(Exercise data):

════════

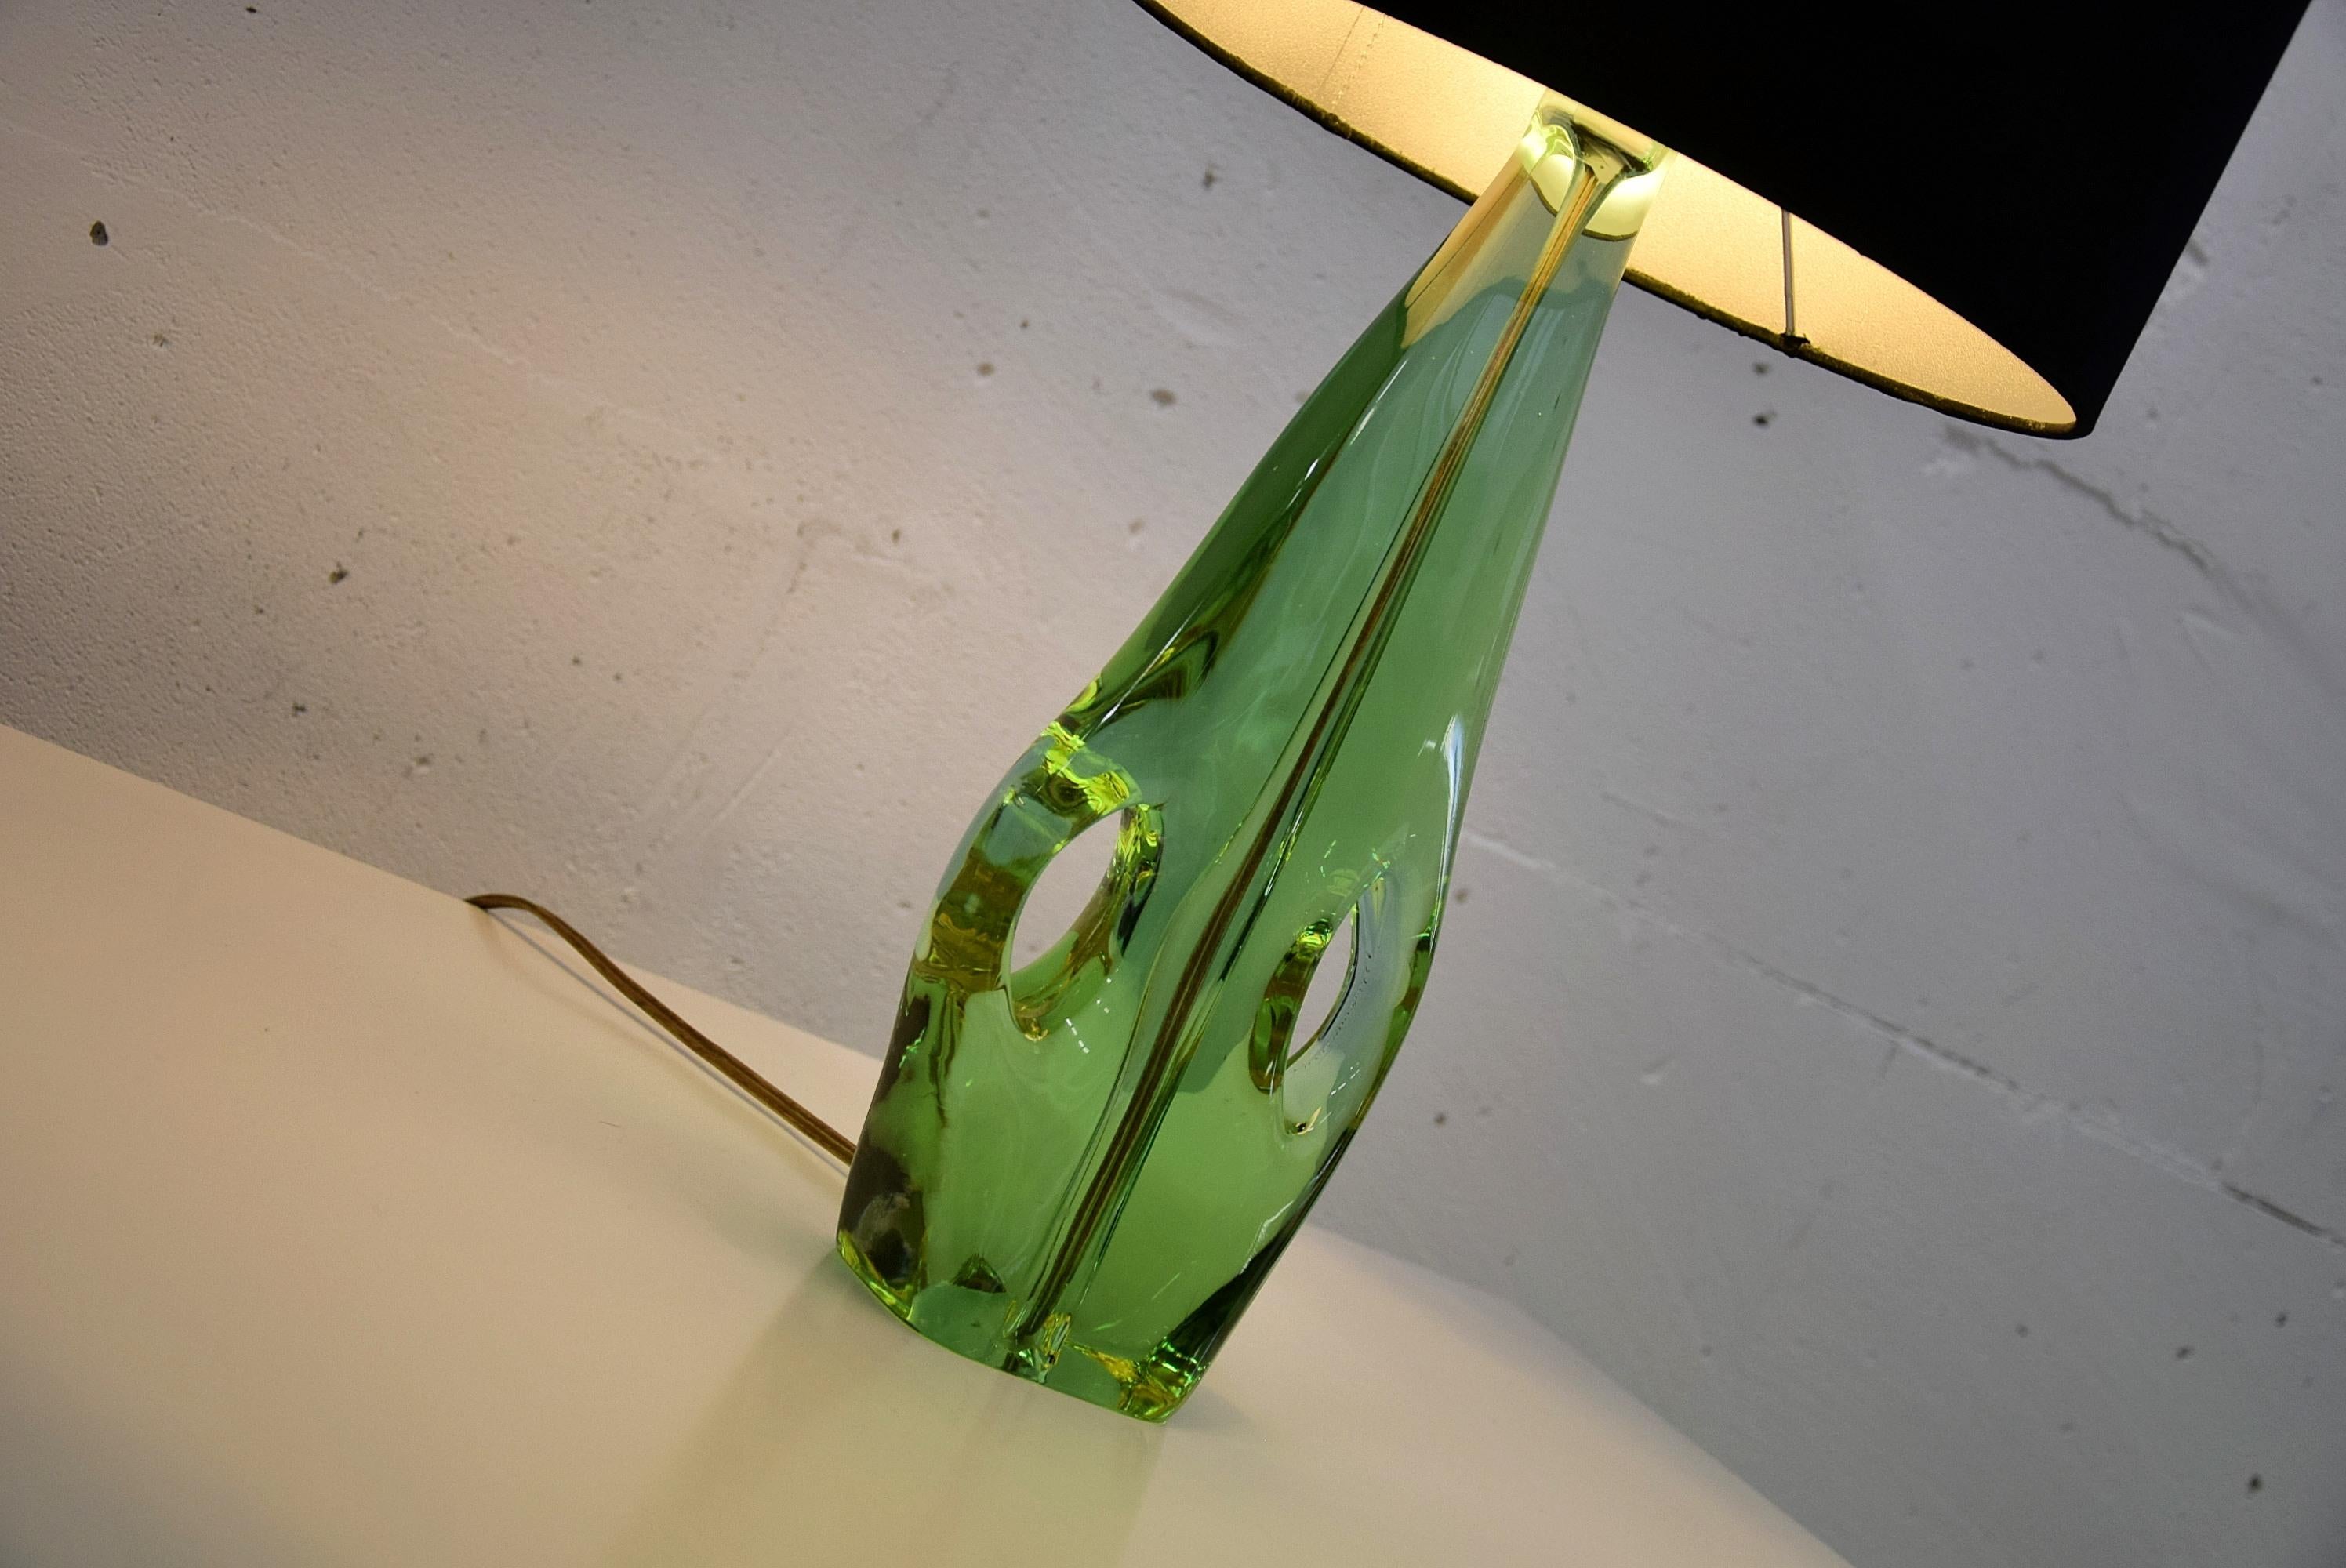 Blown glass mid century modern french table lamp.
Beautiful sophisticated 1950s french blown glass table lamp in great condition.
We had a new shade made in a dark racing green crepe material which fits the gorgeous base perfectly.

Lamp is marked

════════

(Task objective): Start printing at the line with "We had a new" and stop after the final line of the listing above, keeping every line exact.

(Answer section):
We had a new shade made in a dark racing green crepe material which fits the gorgeous base perfectly.

Lamp is marked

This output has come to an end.